Exercise data =>

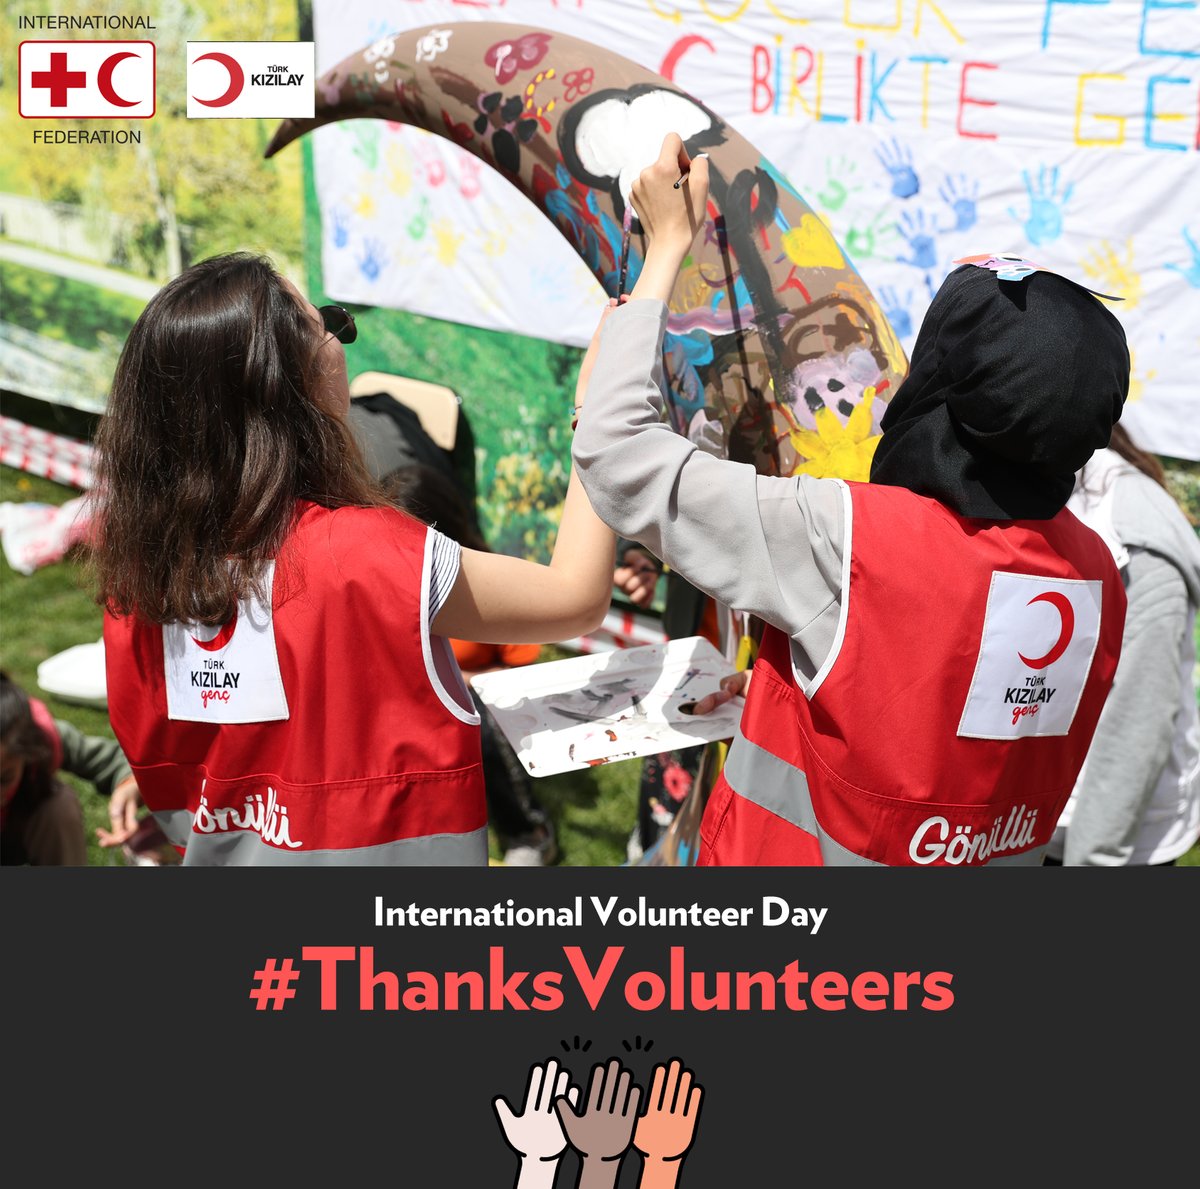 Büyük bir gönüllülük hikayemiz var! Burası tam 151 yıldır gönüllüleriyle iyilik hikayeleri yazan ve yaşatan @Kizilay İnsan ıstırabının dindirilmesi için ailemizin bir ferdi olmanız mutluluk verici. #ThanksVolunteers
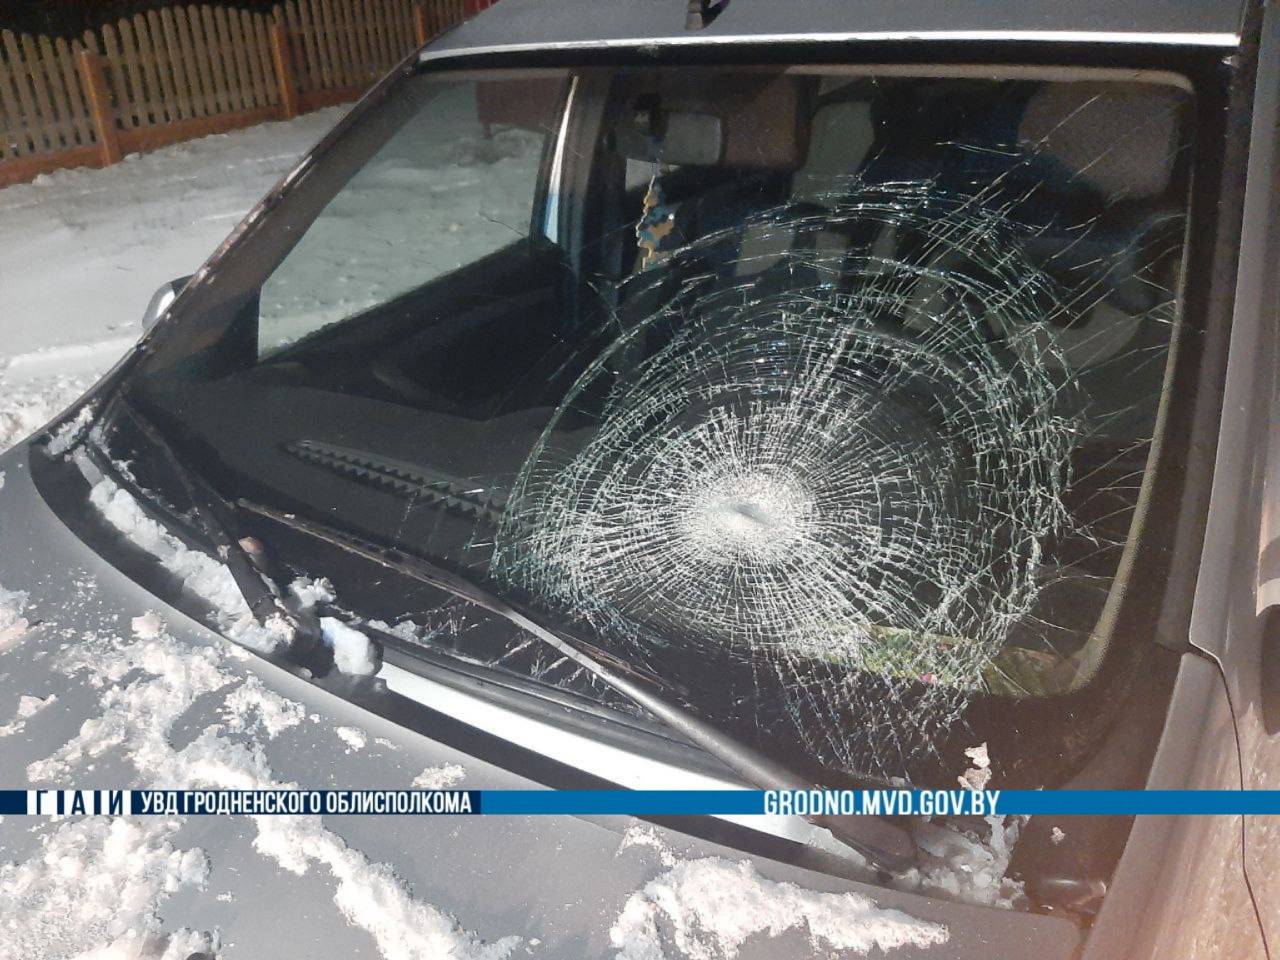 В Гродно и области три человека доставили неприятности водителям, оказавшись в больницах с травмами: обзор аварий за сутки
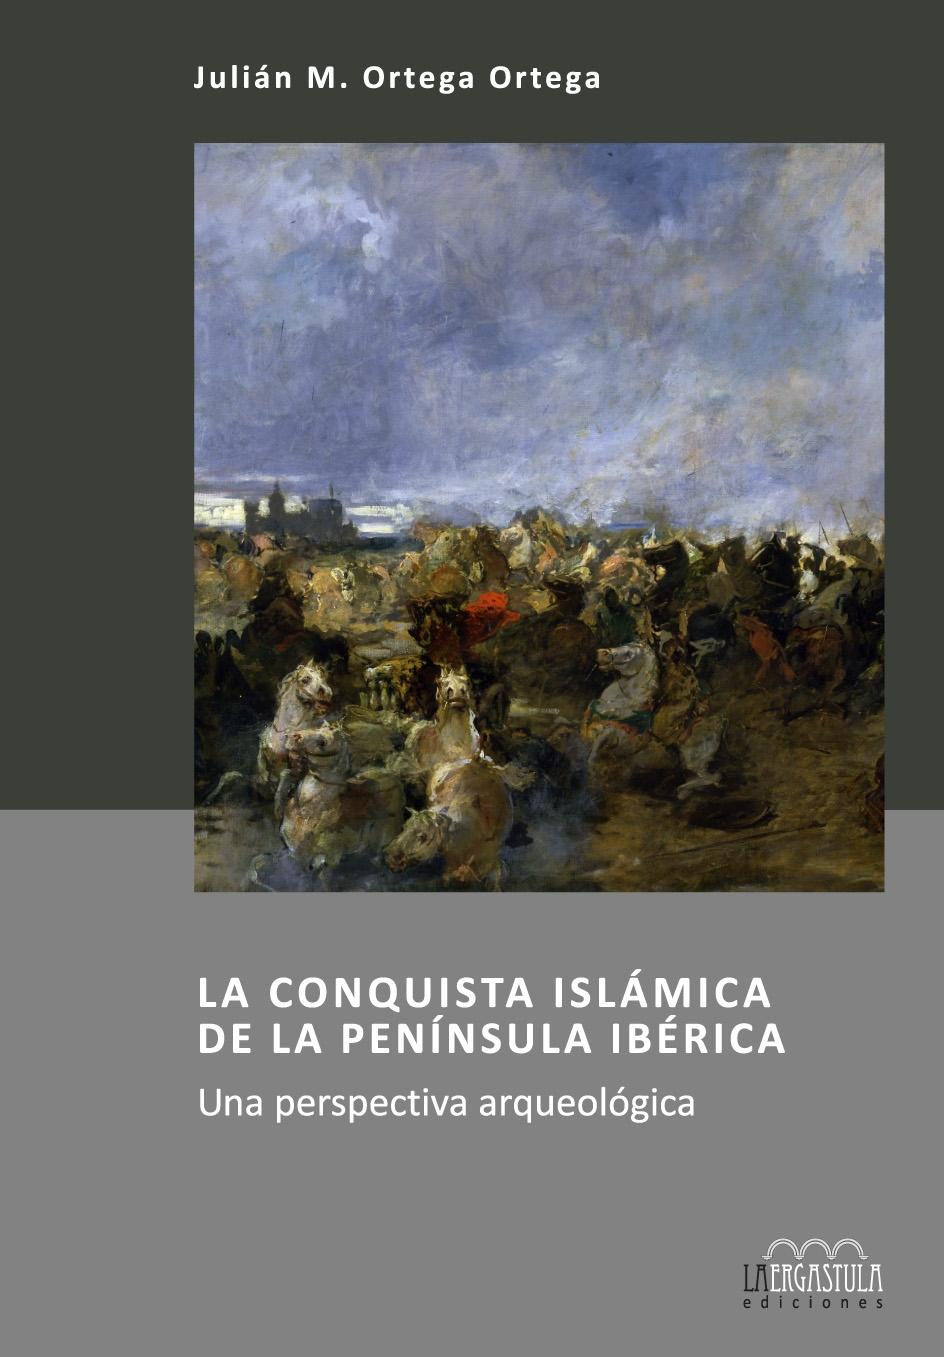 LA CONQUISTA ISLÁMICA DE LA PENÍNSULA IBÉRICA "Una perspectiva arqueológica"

What the task requires =>
Could the material above be given again exactly, pictures excluded?

Completed task =>
 Büyük bir gönüllülük hikayemiz var! Burası tam 151 yıldır gönüllüleriyle iyilik hikayeleri yazan ve yaşatan @Kizilay İnsan ıstırabının dindirilmesi için ailemizin bir ferdi olmanız mutluluk verici. #ThanksVolunteers
 В Гродно и области три человека доставили неприятности водителям, оказавшись в больницах с травмами: обзор аварий за сутки
 LA CONQUISTA ISLÁMICA DE LA PENÍNSULA IBÉRICA "Una perspectiva arqueológica"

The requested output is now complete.